Texas regulators say they have investigated 89 incidents, according to the AP, but have yet to announce any enforcement actions. Testing by state and federal regulators of soil and water for contaminants was largely limited to Superfund toxic waste sites.
Based on widespread air monitoring, including flyovers, officials repeatedly assured the public that post-Harvey air pollution posed no health threat. But the U.S. Environmental Protection Agency official in charge now says these general assessments did not necessarily reflect local “hotspots” with potential risk to people.
In other words, what the EPA is saying is simple - If you want to stay safe, just move to an area where there are no "hot spots."
Is this laxness a reflection on the federal government?
Both news organizations mention the differences in governmental responses to hurricanes in past years. And post-Harvey government testing contrasts sharply with what happened after two other major Gulf Coast hurricanes.
After Hurricane Ike hit Texas in 2008, state regulators collected 85 sediment samples to measure the contamination; more than a dozen violations were identified and cleanups were carried out, according to a state review.

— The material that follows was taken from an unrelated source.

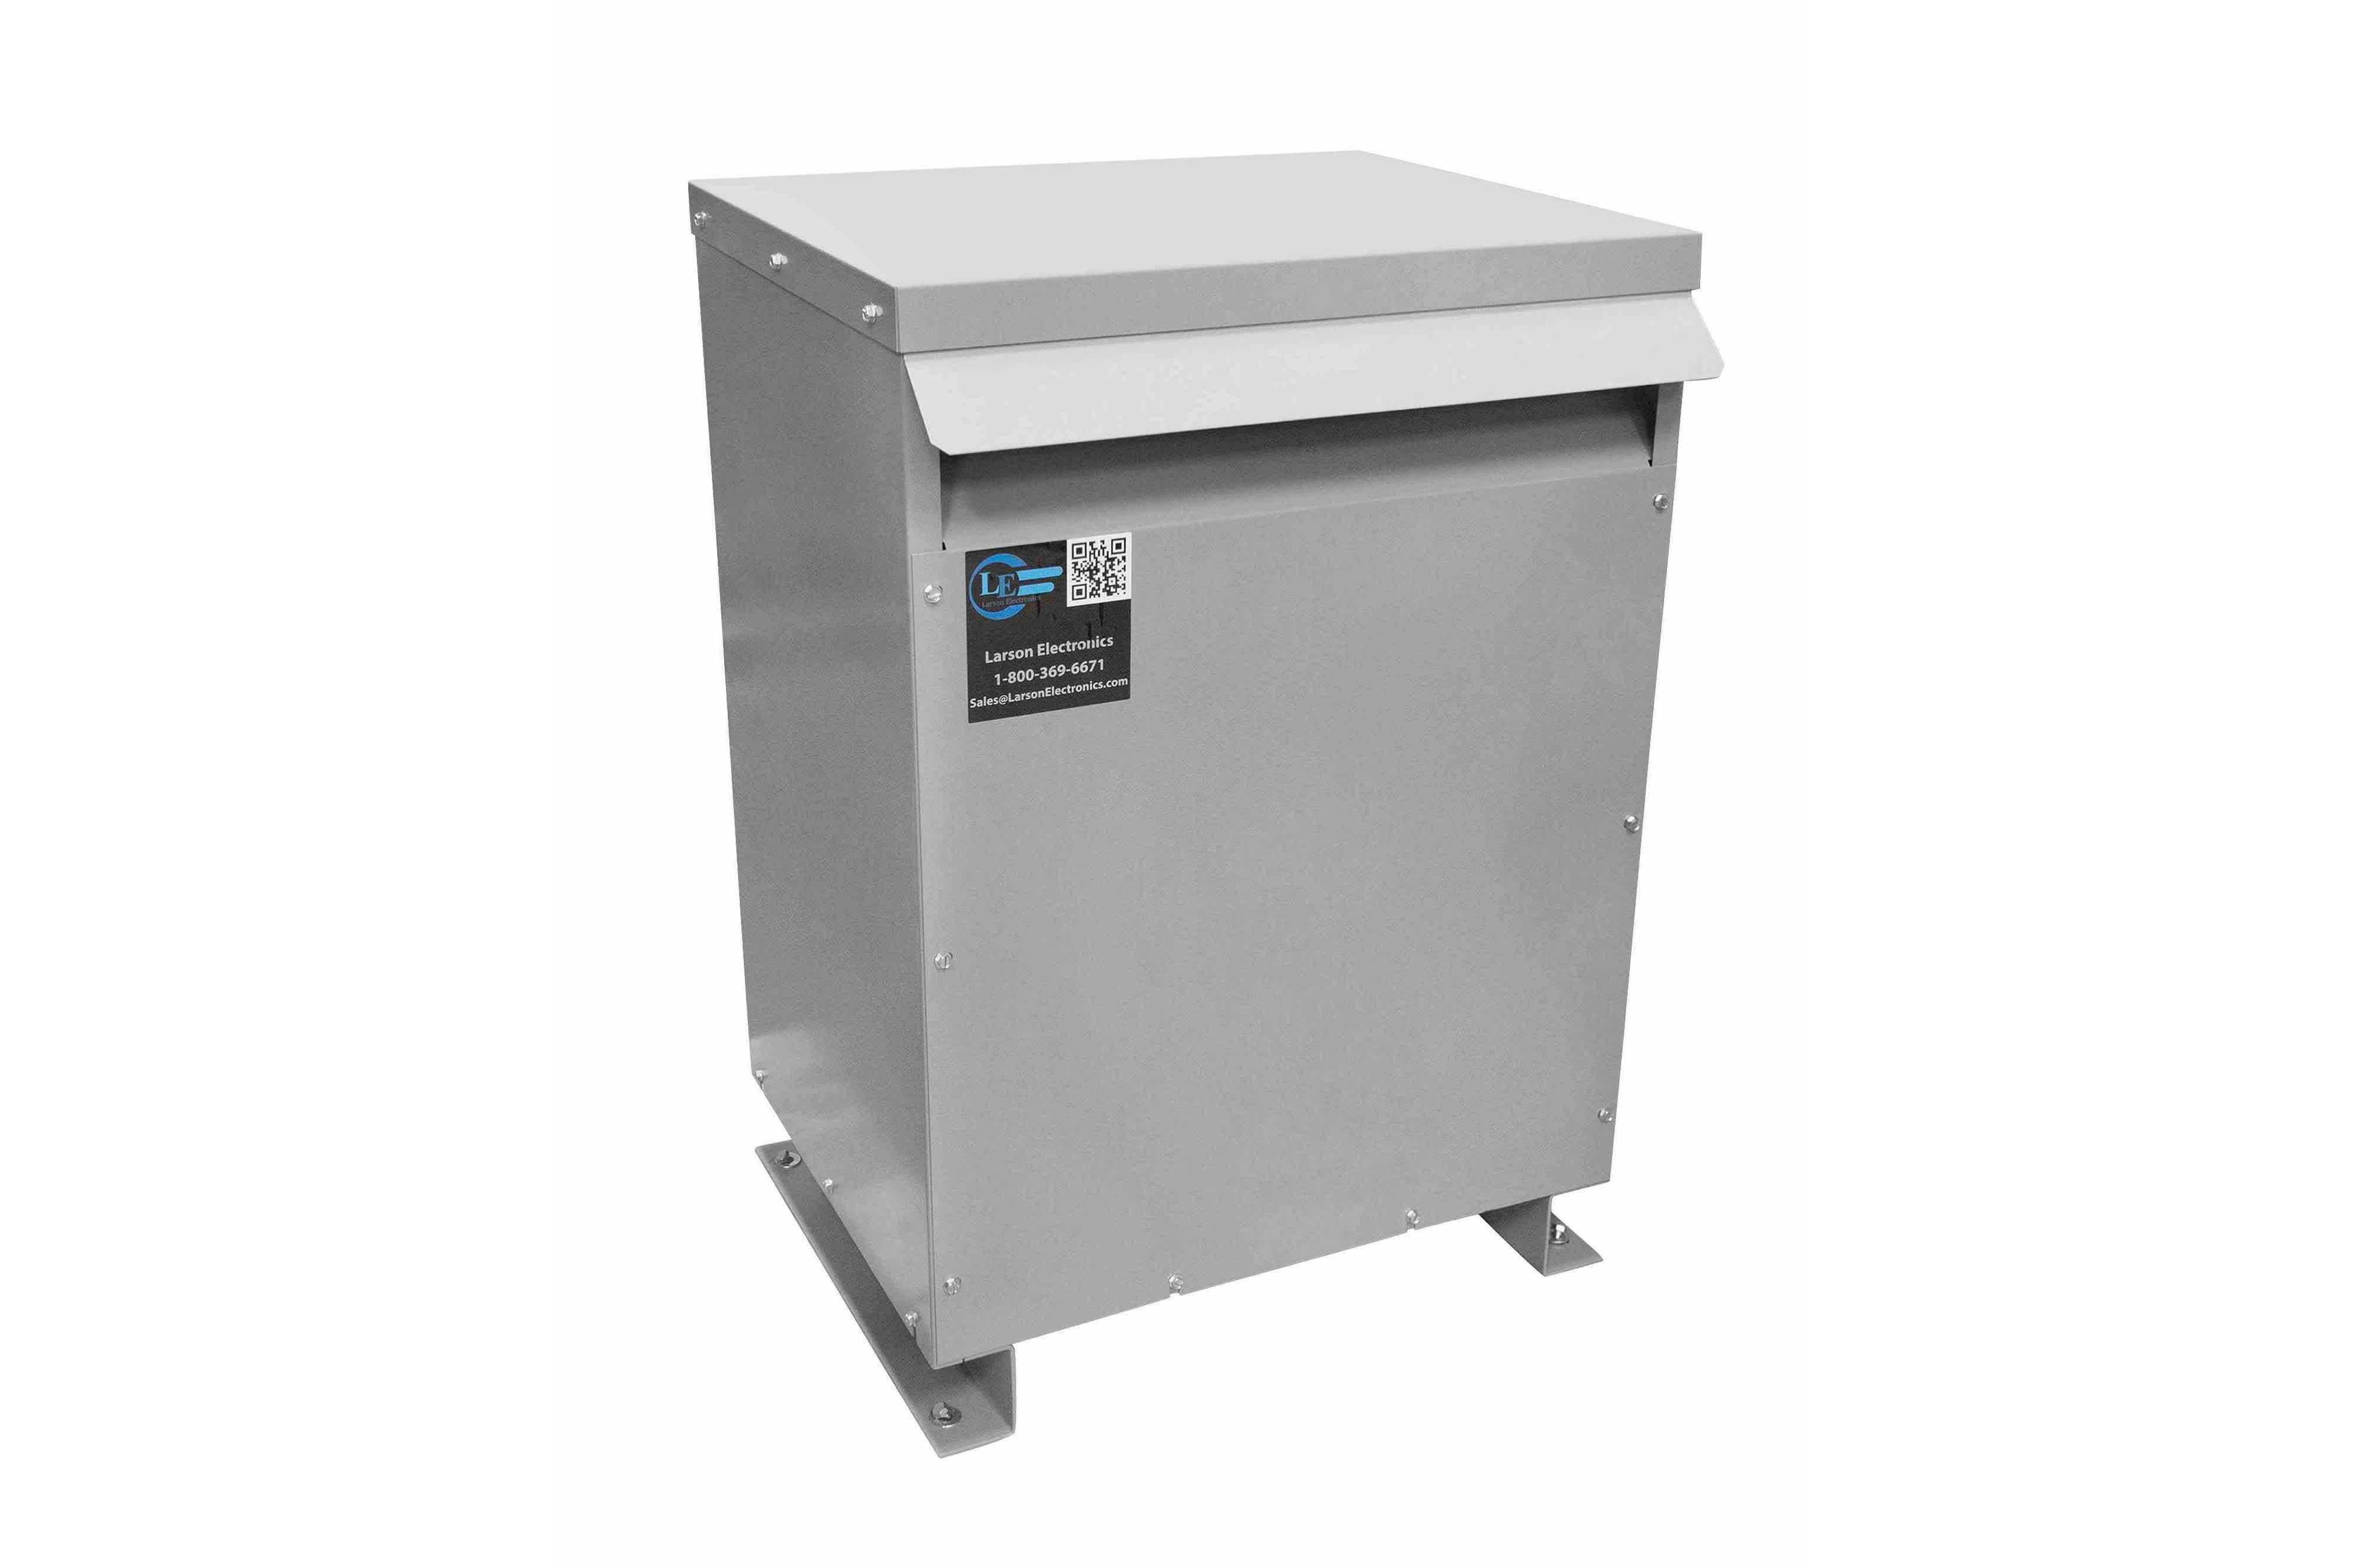 150 kVA 3PH DOE Transformer, 480V Delta Primary, 380Y/220 Wye-N Secondary, N3R, Ventilated, 60 Hz

And in 2005, when Hurricane Katrina hit New Orleans, Louisiana, the EPA and Louisiana officials examined about 1,800 soil samples over 10 months, EPA records showed.
"Now the response is completely different," said Scott Frickel, an environmental sociologist formerly at Tulane University in New Orleans. He is now at Brown University and calls the government response to Harvey "unconscionable" given Houston's exponentially larger industrial footprint.
Emergency vehicles at a roadblock set up near a chemical plant in Crosby  Texas  where fires erupted...
Emergency vehicles at a roadblock set up near a chemical plant in Crosby, Texas, where fires erupted overnight, forcing an evacuation of the surrounding area
Brendan Smialowski, AFP
Dr. Nicole Lurie, who oversaw federal public health responses to the Superstorm Sandy and Deepwater Horizon disasters while at the U.S. Department of Health and Human Services told the Associated Press, "People are left in a state of limbo of not knowing if they were exposed or not — or if they were, what the implications are for their health."
Benzene is a serious health hazard. The Department of Labor's Occupational Safety and Health Administration (OSHA) says: With exposures from less than five years to more than 30 years, individuals have developed, and died from, leukemia. Long-term exposure may affect bone marrow and blood production. Short-term exposure to high levels of benzene can cause drowsiness, dizziness, unconsciousness, and death.
Hanadi Rifai is the head of the University of Houston's environmental engineering program, She has been studying pollution in the watershed for more than two decades. She believes that much of the toxic contamination in the floodwaters migrated downstream.
That soil ended up somewhere," Rifai said. "The net result on Galveston Bay is going to be nothing short of catastrophic."